Not only do I not believe in a god, I am glad that the god of monotheism doesn’t exist. Imagine living in a world where the god of religion existed. It would be like living in a theocratic police state, where you can be convicted for the crime of thought; virtually the very definition of totalitarian. Where the entire purpose in your life is to serve and worship and venerate another being; where you owe everything you have to a galactic dictator who you never elected, and you’re born into a system of total mental and physical control that you had no say in choosing.
The central figure in this eternal Dominion is a being who apparently knows you before you were even born, who watches you every single minute of every day of your life, and whose control over you reaches beyond death! As Hitchens observes, even in human totalitarian regimes, or in Orwell’s 1984, at least you can die and escape the regime. With religion, not even death is an escape, and indeed for any supposed crime you commit, an afterlife of eternal torture awaits you.
In this theocratic regime, freedom of speech would be as unknown as the theory of evolution. Who you choose to fall in love with, and how you choose to make love, would be under constant surveillance on penalty of death.
In this regime, you have to accept responsibility for the crimes of others that you had no part of, incur their bloodguilt, and unconditionally receive the only way to be absolved of this guilt: accepting the blood sacrifice by torture of another person that you had no say in at all.

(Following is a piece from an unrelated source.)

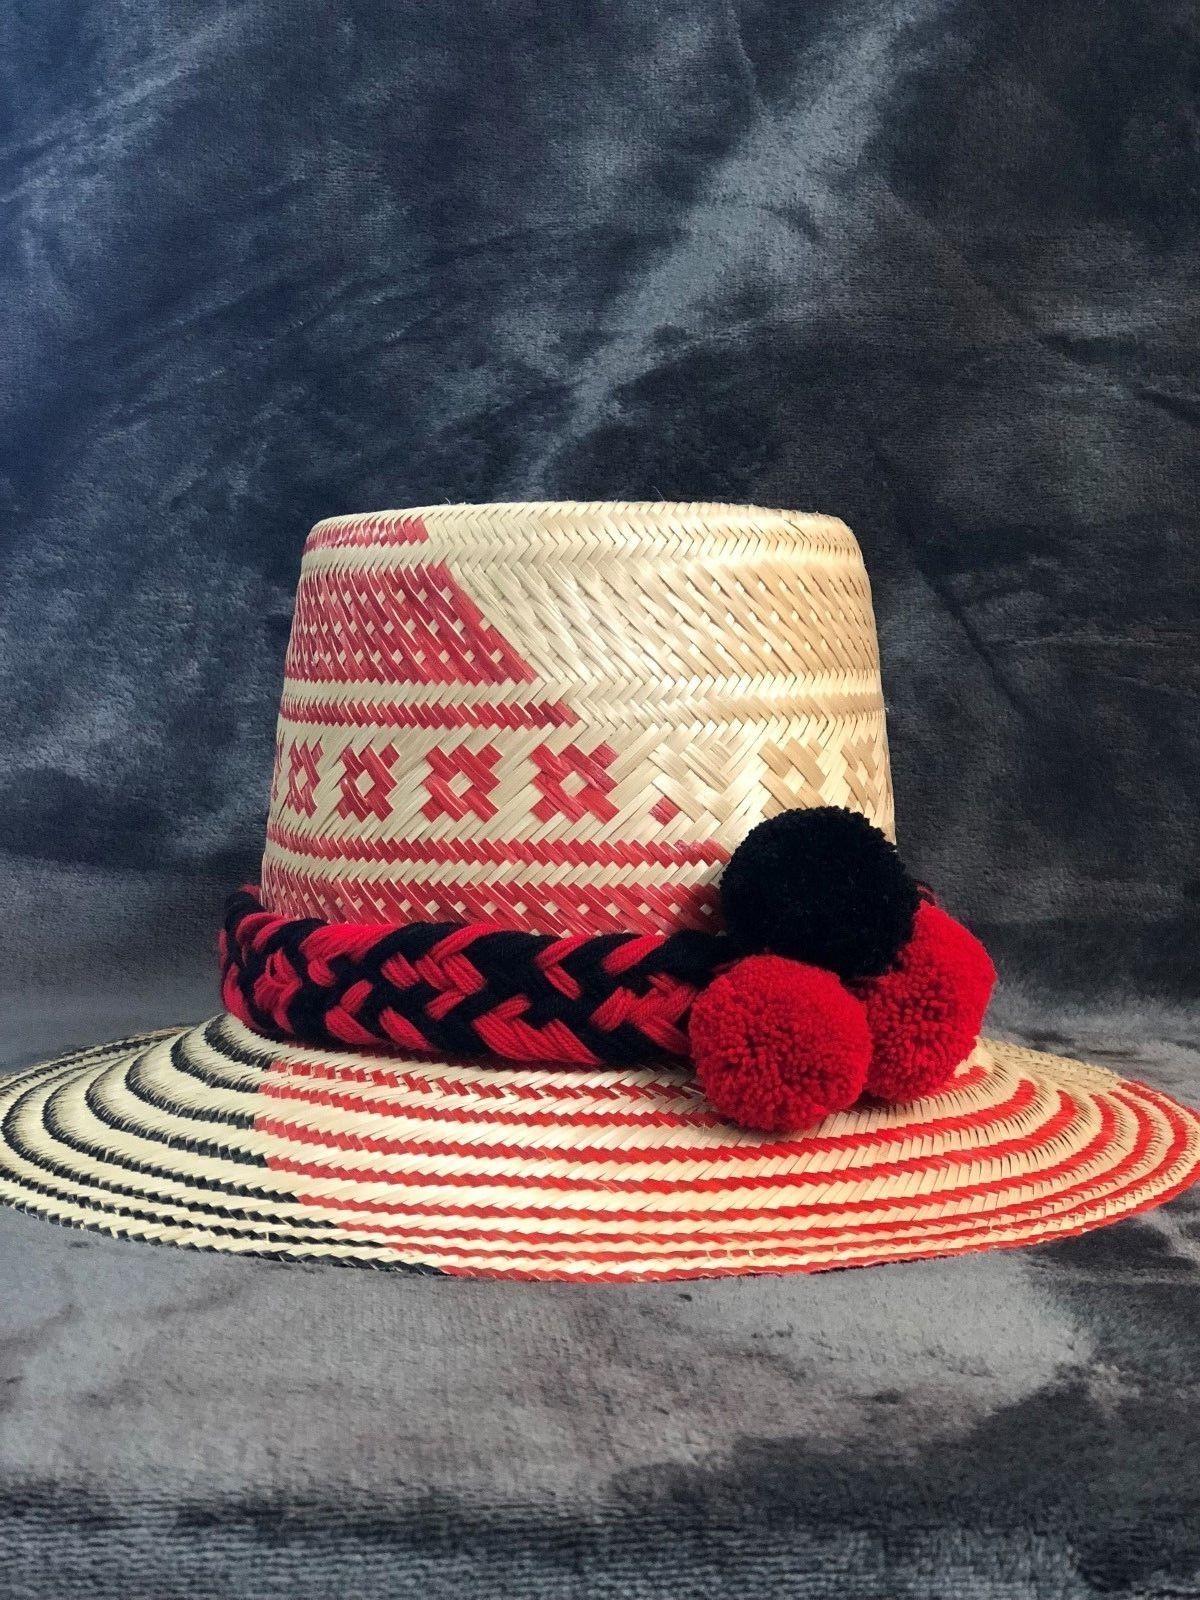 fb5e2059 ALL COLORS Wayuu Hat Woven Straw HandCrafted Stylish Pompom Panama Hat Sun  #wayuuhat #wayuu #straw #sunhat #summer #yosuzi #pom #summer2018 #trendy ...

No thank you, I don’t want it. I reject the very absurd notion of original sin; that I have somehow transgressed for someone else’s actions; this is the very opposite of justice. I reject the exculpation offered to me that was supposedly paid for by a process of human sacrifice to appease the blood thirst of the Divine One; a sacrifice that was necessarily the murder of an innocent man, something I would have objected to anyway.
And if I reject this barbaric offer, am I free to live my life my own way and die as all people must? No. If I refuse the “gift” I never asked for and never wanted, I can be promised an eternal live roasting.
This is why I positively reject religion and theism. As a thinking human being I could not, in good conscience, be party to such an inhuman and cruel regime, and I could not worship or love such a dictator. Humans beings with ethics, self-respect, and intelligence, should refuse to submit to any theocracy. That is why the necessity is not just of atheism, but anti-theism.